Hi we have a rather complicated setup, part of which uses an intermediate forwarder (full wf) to pass events from a series of light weight forwarders to a central index.

We would like to conduct all our transformations and data processing on the indexer, with the intermediate forwarder acting as nothing more than just a relay point for the light weight forwarders which point to it.

The problems I've been facing are rather strange. originally I noticed that splunk was not doing any transformations, field extractions or time stamping on the data that was coming through the intermediate forwarder. I am assuming that as it passes through the forwarder the data get's "cooked" so when it arrives at the indexer, the indexer assumes it does not need to do anything other than add it to the index.

So I changed the outputs.conf on the intermediate forwarder to send raw data.

[tcpout]
defaultGroup = blahblah
disabled = false

[tcpout:blahblah]
server = indexer:9996
sendCookedData = false

Hoping it would spur the indexer into doing the data processing. However this just lead to splunkd crashing on the intermediate forwarder every time it tried to connect to the indexer after it spewed these messages below a few hundred times (crash report here).

Taken from the intermediate forwarder,

01-31-2011 01:52:59.846 WARN  TcpOutputProc - TcpSendThread: Connection to server 10.137.7.20:9996, fd:23 lost - retrying: Broken pipe
01-31-2011 01:52:59.846 INFO  TcpOutputProc - attempting to connect to indexer:9996...

Taken from the indexer

<Monday Januar<90>^Yó^C! from hostname=intermediateforwarder, ip=XXXXXXXXXX, port=34447
01-31-2011 08:47:51.676 INFO  TcpInputProc - Hostname=intermediateforwarder closed connection
01-31-2011 08:47:52.444 ERROR TcpInputProc - Received unrecognized signature

This lead me to reverting back to sending cooked data, which worked, (ie splunk did not crash and the data makes it through, but unanalysed),

current outputs.conf on the intermediate forwarder.

[tcpout]
defaultGroup = blahblah
disabled = false

[tcpout:blahblah]
server = indexer:9996

Then I went down the route of trying to force the indexer to reanaylze the data, by adding route=... to inputs .conf as below.

[default]

host = indexer

[splunktcp://9996] route=has_key:_utf8:parsingQueue;has_key:_linebreaker:parsingQueue;absent_key:_utf8:parsingQueue;absent_key:_linebreaker:parsingQueue;

This nearly works, all the data now gets transformed and has its fields extracted but, about 40% of the data is not being correctly timestamped (ie exactly X hours in the future).
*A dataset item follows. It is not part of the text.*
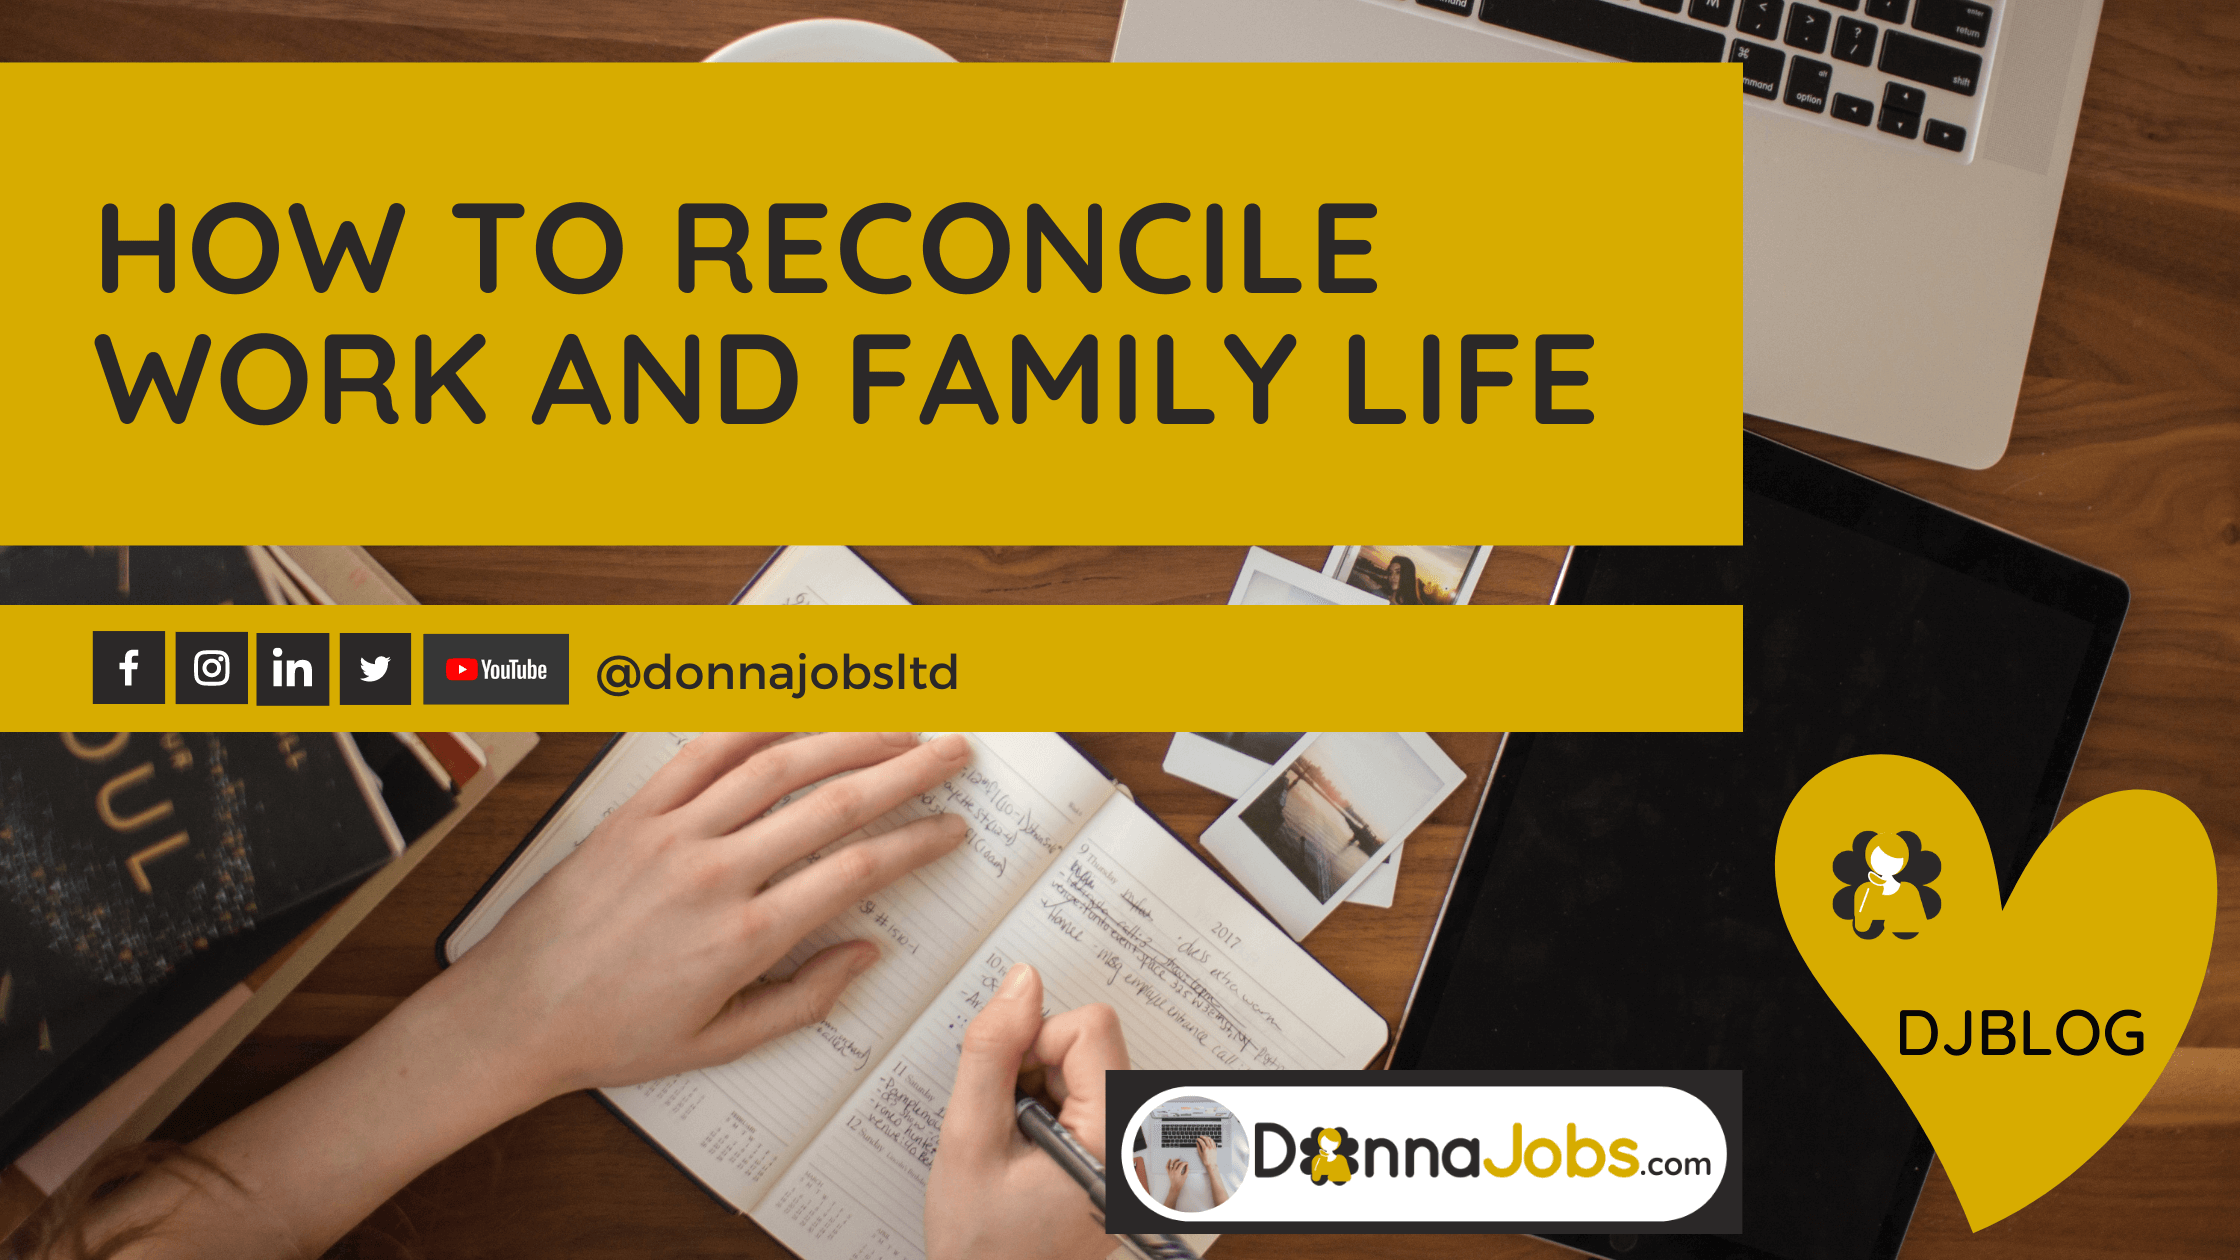 DonnaJobs helps you to reconcile work and family life

Its strange because the date format is exactly the same, same sourcetypes, and even the same sources of data are appearing to be correctly indexed and indexed in the future at random.

I tried disabling all timestamp extraction on the indexer and just logging the events as they came in, however this still resulted in "future events".

As such I am completely out of ideas on what my next move should be.

I know the obvious solution would be to do all the transforms on the intermediate forwarder, but this is something we would like to avoid doing.

If you have ideas any I'd be glad to hear them.

Thanks

ps our enviroment is a mix of solaris and linux (red hat), all splunk instances are 4.1.6.

ftk · ‎01-31-2011

I know this is likely not what you want to hear, but I suggest just putting your props.conf and transforms.conf entries for your extractions etc onto your intermediate forwarder.

View solution in original post

gkanapathy · ‎02-01-2011

What you want is to just set up your intermediate forwarder as a LWF, instead of a heavy forwarder. The most significant difference between light and heavy forwarders is precisely that a heavy does the parsing of the data.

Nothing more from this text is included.